This repository demonstrates the application of supervised machine learning techniques, focusing on decision trees and ensemble methods, to predict equipment failures using historical sensor data.
Companion Article: Decision Trees and Predictive Maintenance
sklearn_trees.ipynb – Implements standard machine learning models using scikit-learn, including Decision Tree, Random Forest, and Gradient Boosting classifiers.
custom_trees.ipynb – Develops custom decision tree classifiers from scratch, utilizing entropy-based splits and information gain.
data/maintenance.csv – Contains 500 records of machine sensor readings and operational metrics, labeled with failure outcomes.
Transformed failure outcomes into a binary variable indicating the occurrence of failure within a future window.
Applied one-hot encoding for categorical variables and standardized numerical features.
Addressed class imbalance using SMOTE (Synthetic Minority Oversampling Technique) to generate synthetic samples of the minority failure class.
Model Training and Evaluation:
Trained various classifiers, including:
- Decision Tree (scikit-learn)
- Random Forest
- Gradient Boosting
- AdaBoost
- XGBoost
- LightGBM
- CatBoost
Evaluated models using metrics such as accuracy, precision, recall, and F1-score.
Custom Model Development:
Built decision tree classifiers from the ground up in custom_trees.ipynb, focusing on interpretability and domain-specific insights.
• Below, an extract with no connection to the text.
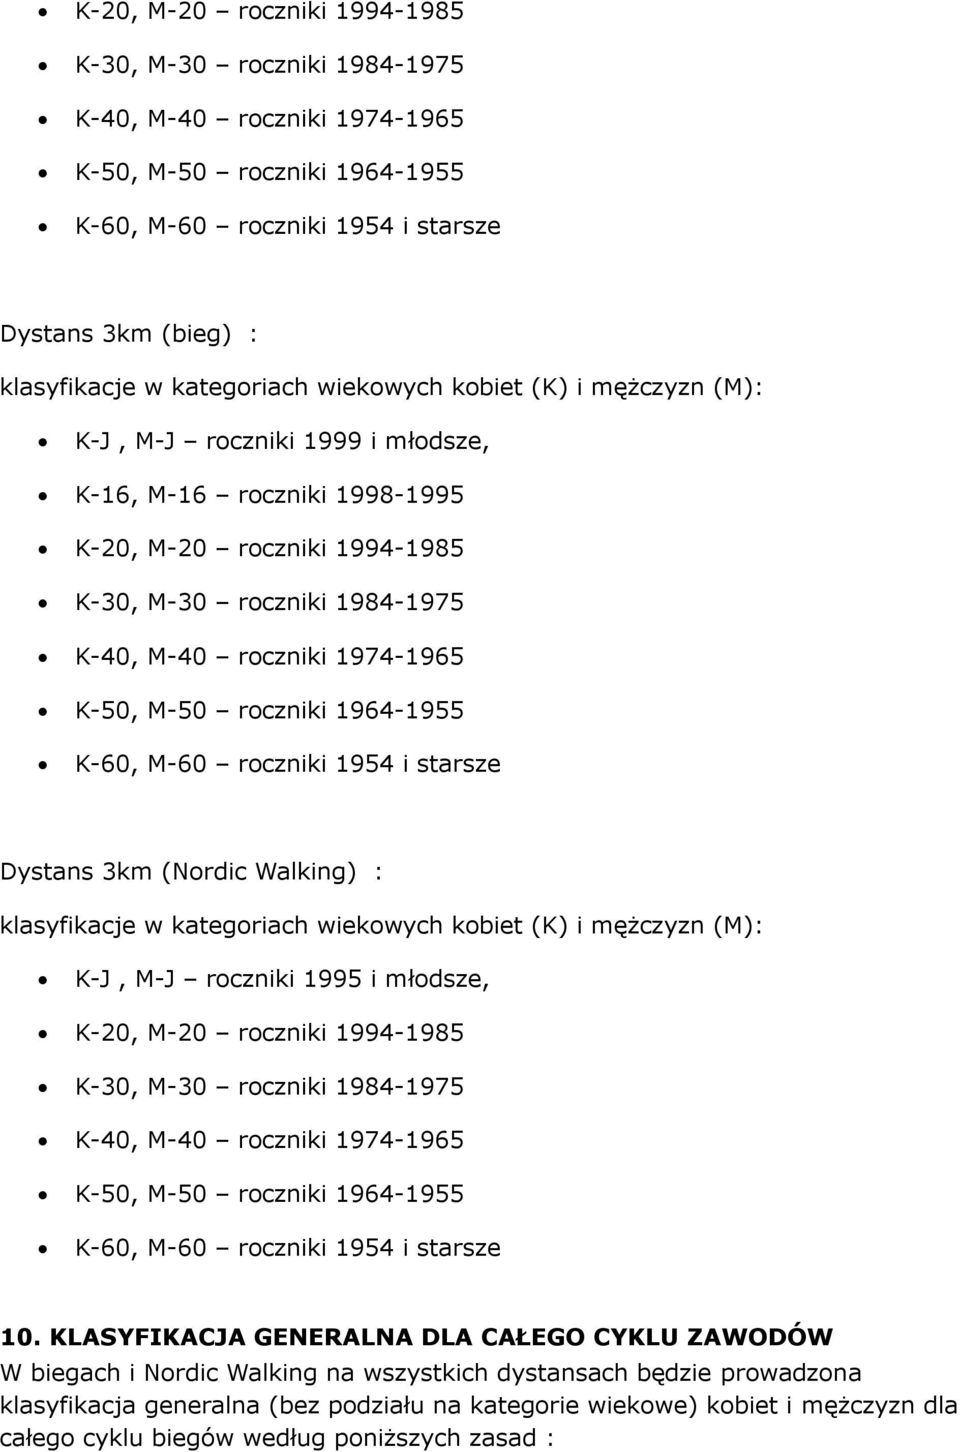 1974-1965 K-50, M-50 roczniki 1964-1955 K-60, M-60 roczniki 1954 i starsze Dystans 3km (Nordic Walking) : klasyfikacje w kategoriach wiekowych kobiet (K) i mężczyzn (M): K-J, M-J roczniki 1995 i

Benchmarked the custom models against scikit-learn implementations to assess performance improvements.
| Model | Accuracy |
|---|---|
| Custom Gradient Boosting | 0.96 |
| Decision Tree(scikit-learn) | 0.92 |
| CatBoost | 0.86 |
| XGBoost | 0.85 |
| LightGBM | 0.84 |
| Gradient Boosting | 0.83 |
| Random Forest | 0.81 |
| AdaBoost | 0.79 |
The custom gradient boosting model outperformed all other models, achieving an accuracy of 96%. Notably, it demonstrated superior precision and recall for the minority failure class, indicating its effectiveness in detecting rare but critical failure events.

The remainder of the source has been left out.